# Plans and advice for a 2 person cart?



## Dreamchaser (Oct 30, 2008)

I want to make a cart that can hold me and/or my husband, and have 1 or 2 goats (possibly more if needed?) pulling the cart.

Okay, I know I am new to this goat thing, but I have been told that if you can train a horse, you can train a goat. So.... anybody with much knowledge on these subjects, please post for me. I'd rather have goats pulling a cart than a pony or donkey.

I have a medium/larger alpine, and a small nubian (a little larger than a pygmy) Obviously, the smaller goat could not pull by herself, and I don't want my alpine to pull it alone either.

any info and esspecially any plans for this would be appreciated, I haven't found much online for a 2 seater.

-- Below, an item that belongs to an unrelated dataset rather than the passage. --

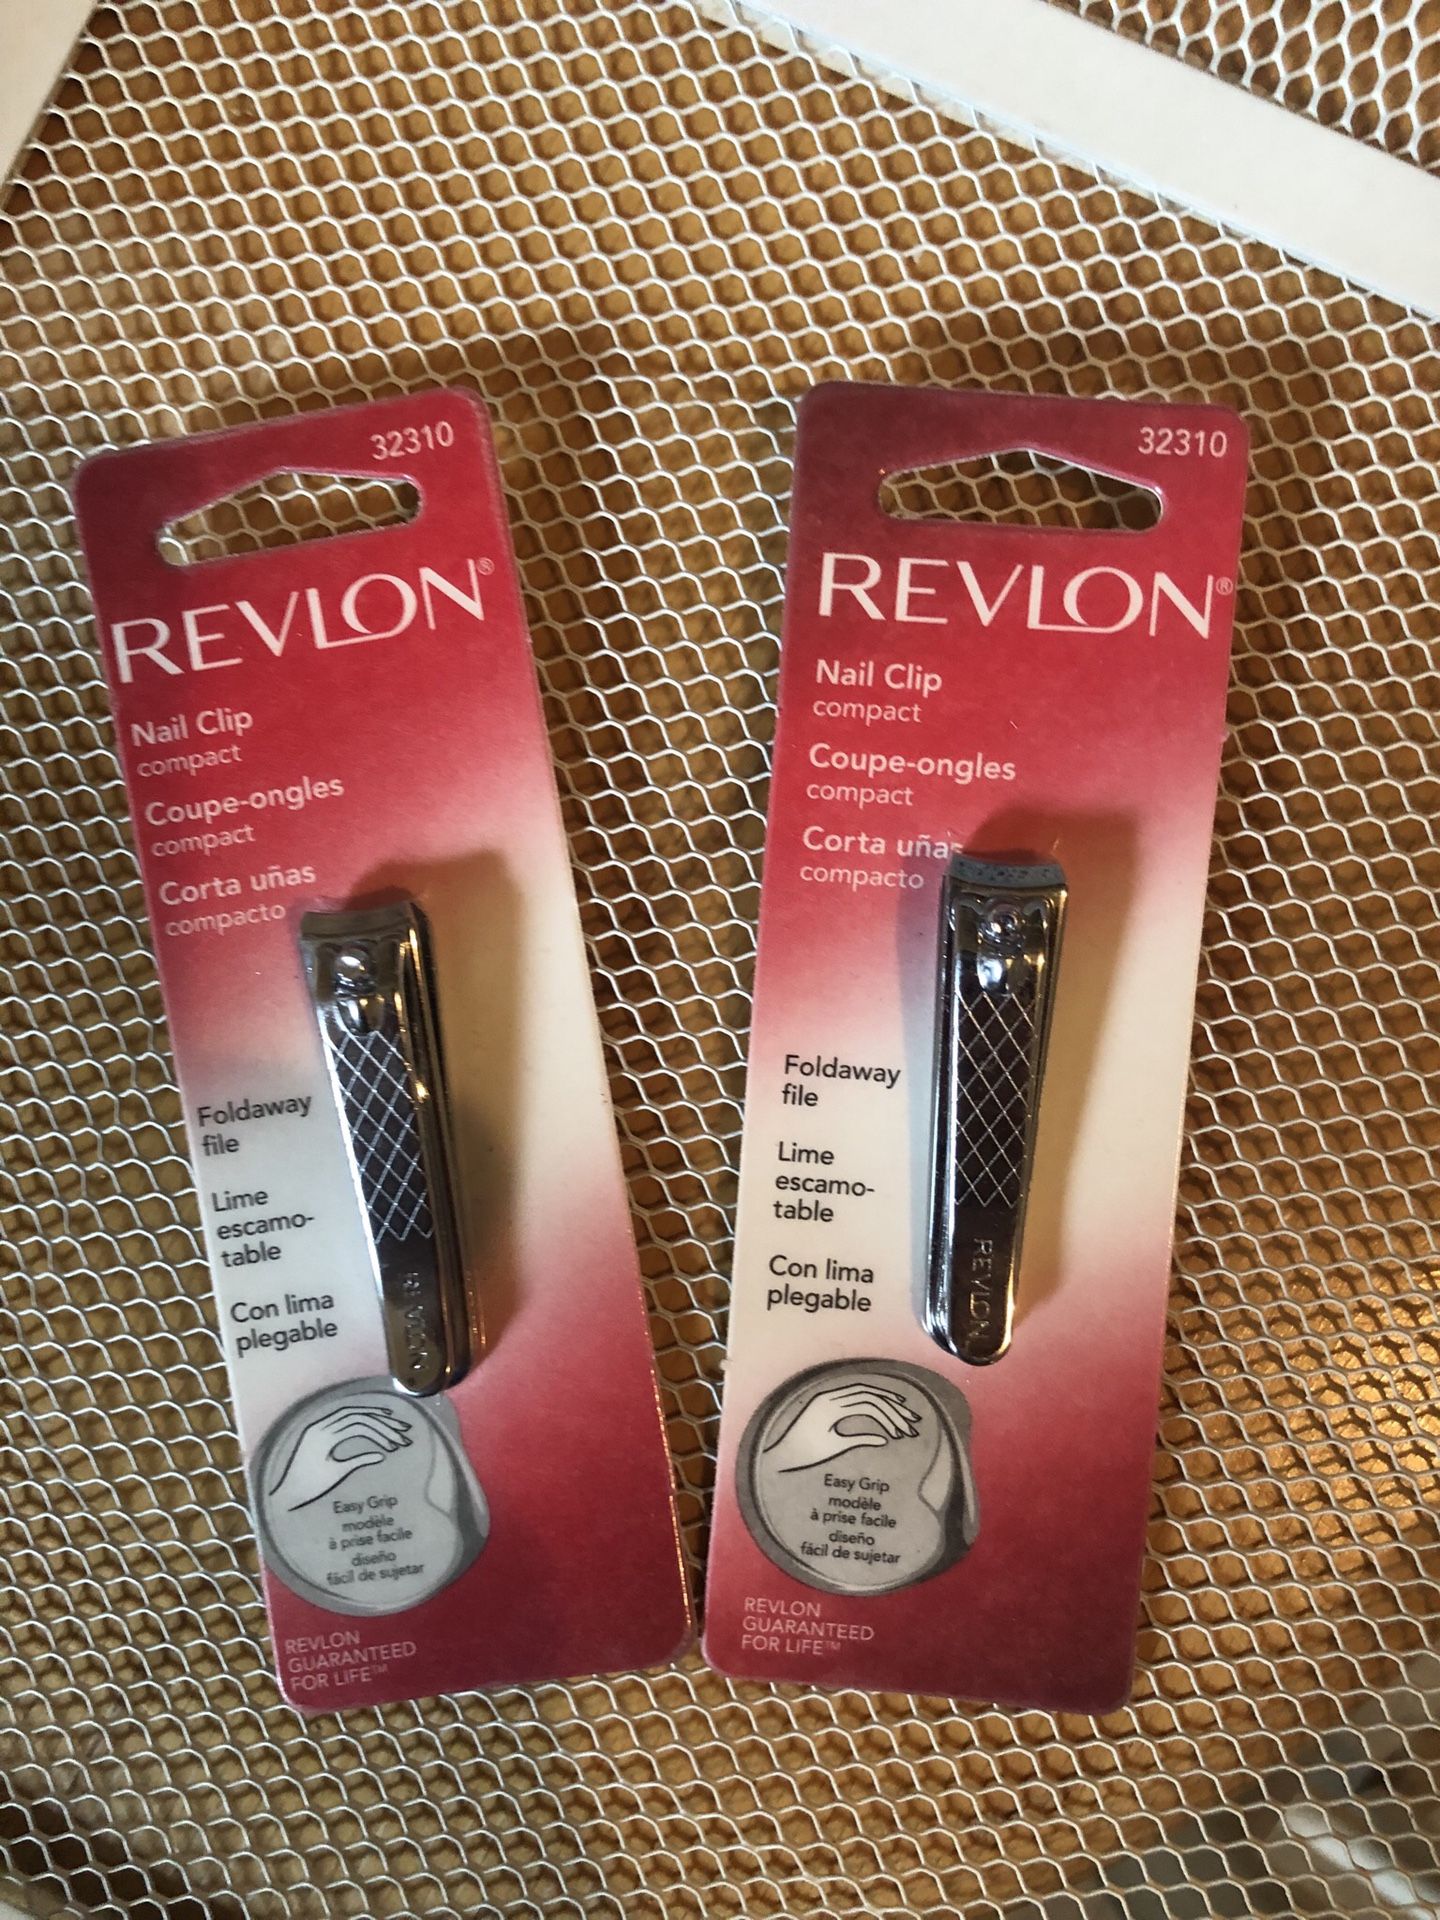 2 Revlon nail clippers
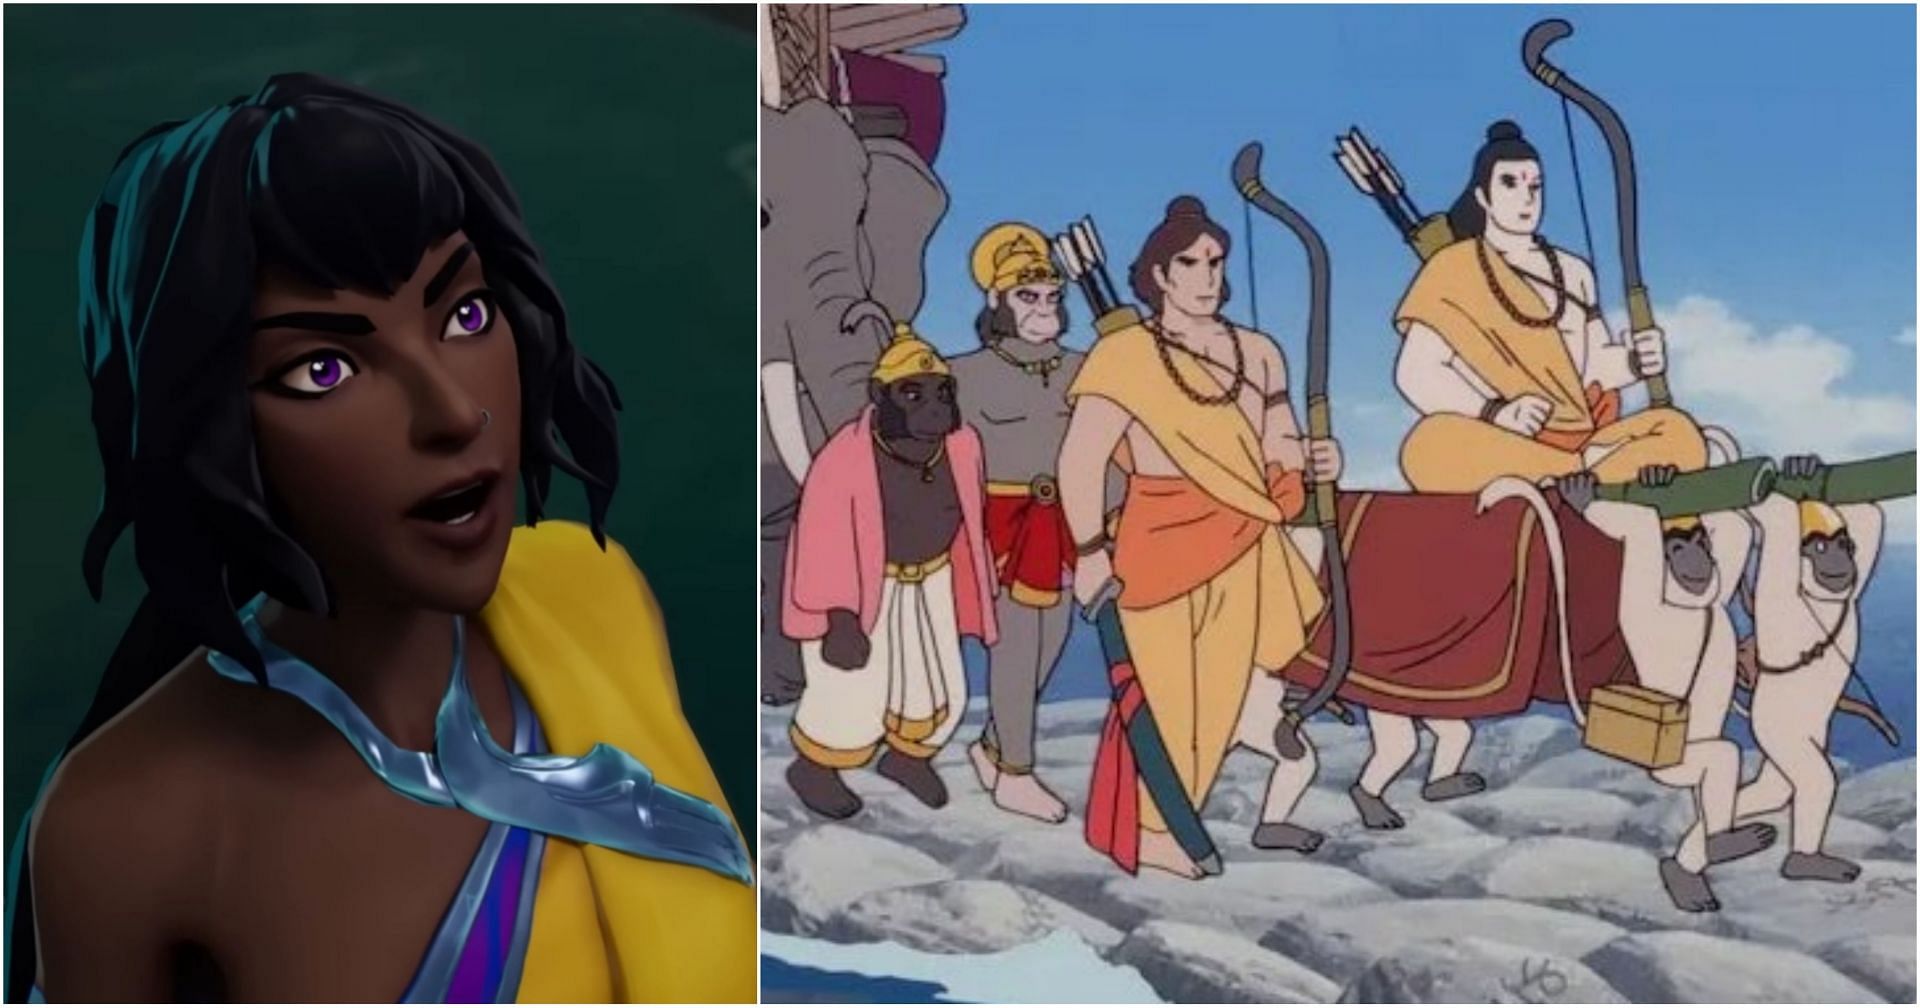 Riot&#039;s Principal Narrative Writer confirmed that Nilah draws inspiration from ancient Indian mythology of Ramayana (Images via Riot Games and Nippon Ramayana Film Co.)

Also, my thought for a lightweight cart was to bolt 2 aluminum lawn chair frames together to start with. Has anyone done this?


----------



## Ariel301 (Oct 13, 2009)

If your goats are two different heights, they won't work well harnessed together I think. I know when putting together horse driving teams, the horses need to be within a couple of inches of the same height, the closer the better. Otherwise the weight of the load is distributed unevenly.


----------



## Shelly Borg (Nov 2, 2009)

With the goats you have I would go with 2 carts. We are building one right now out of a wagon with huge wheels.


----------



## Graffogefarms (Oct 11, 2007)

TBH - I don't think I would have any milk doe pull, I know they can, but a hemaprodite or a wether is best, as they are larger and stronger. I haven't had my bunch do any adults yet - though some kids are probably as heavy. Right now having feet trouble so none are working, mud, mud mud! Anyway, you would be best having ones that are evenly sized to pull as a team.


----------



## Feathers-N-Fur (Oct 29, 2009)

http://www.goatworld.com/articles/purpo ... cart.shtml

I took an introductory driving class from the gentleman who developed this plan. The Saanen wether you see in the top picture is a huge boy. This cart does hold 2 people comfortably. He even took a bride to her wedding in this cart. If you are in the Northwest he builds and sells this cart too. He also makes the driving goat bits that are sold by www.llamaproducts.com.


----------



## Dreamchaser (Oct 30, 2008)

I do not live in the Northwest, but my parents do.  My nubian doe has grown since I first posted this though, she will probably be much taller than my alpine! I am designing a 2 person goat cart, it will be made of fiberglass. It will have to have a few goats to pull it, but if the goat man can do it, so can I!


----------



## Paige (Oct 14, 2010)

Dont feel bad for your goats. One goat can pull about one and a half to twice its own weight so a 150 lb goat can pull around 300 lbs. Even a 70 lb pygmy goats can pull around 140 lbs. :cart:


----------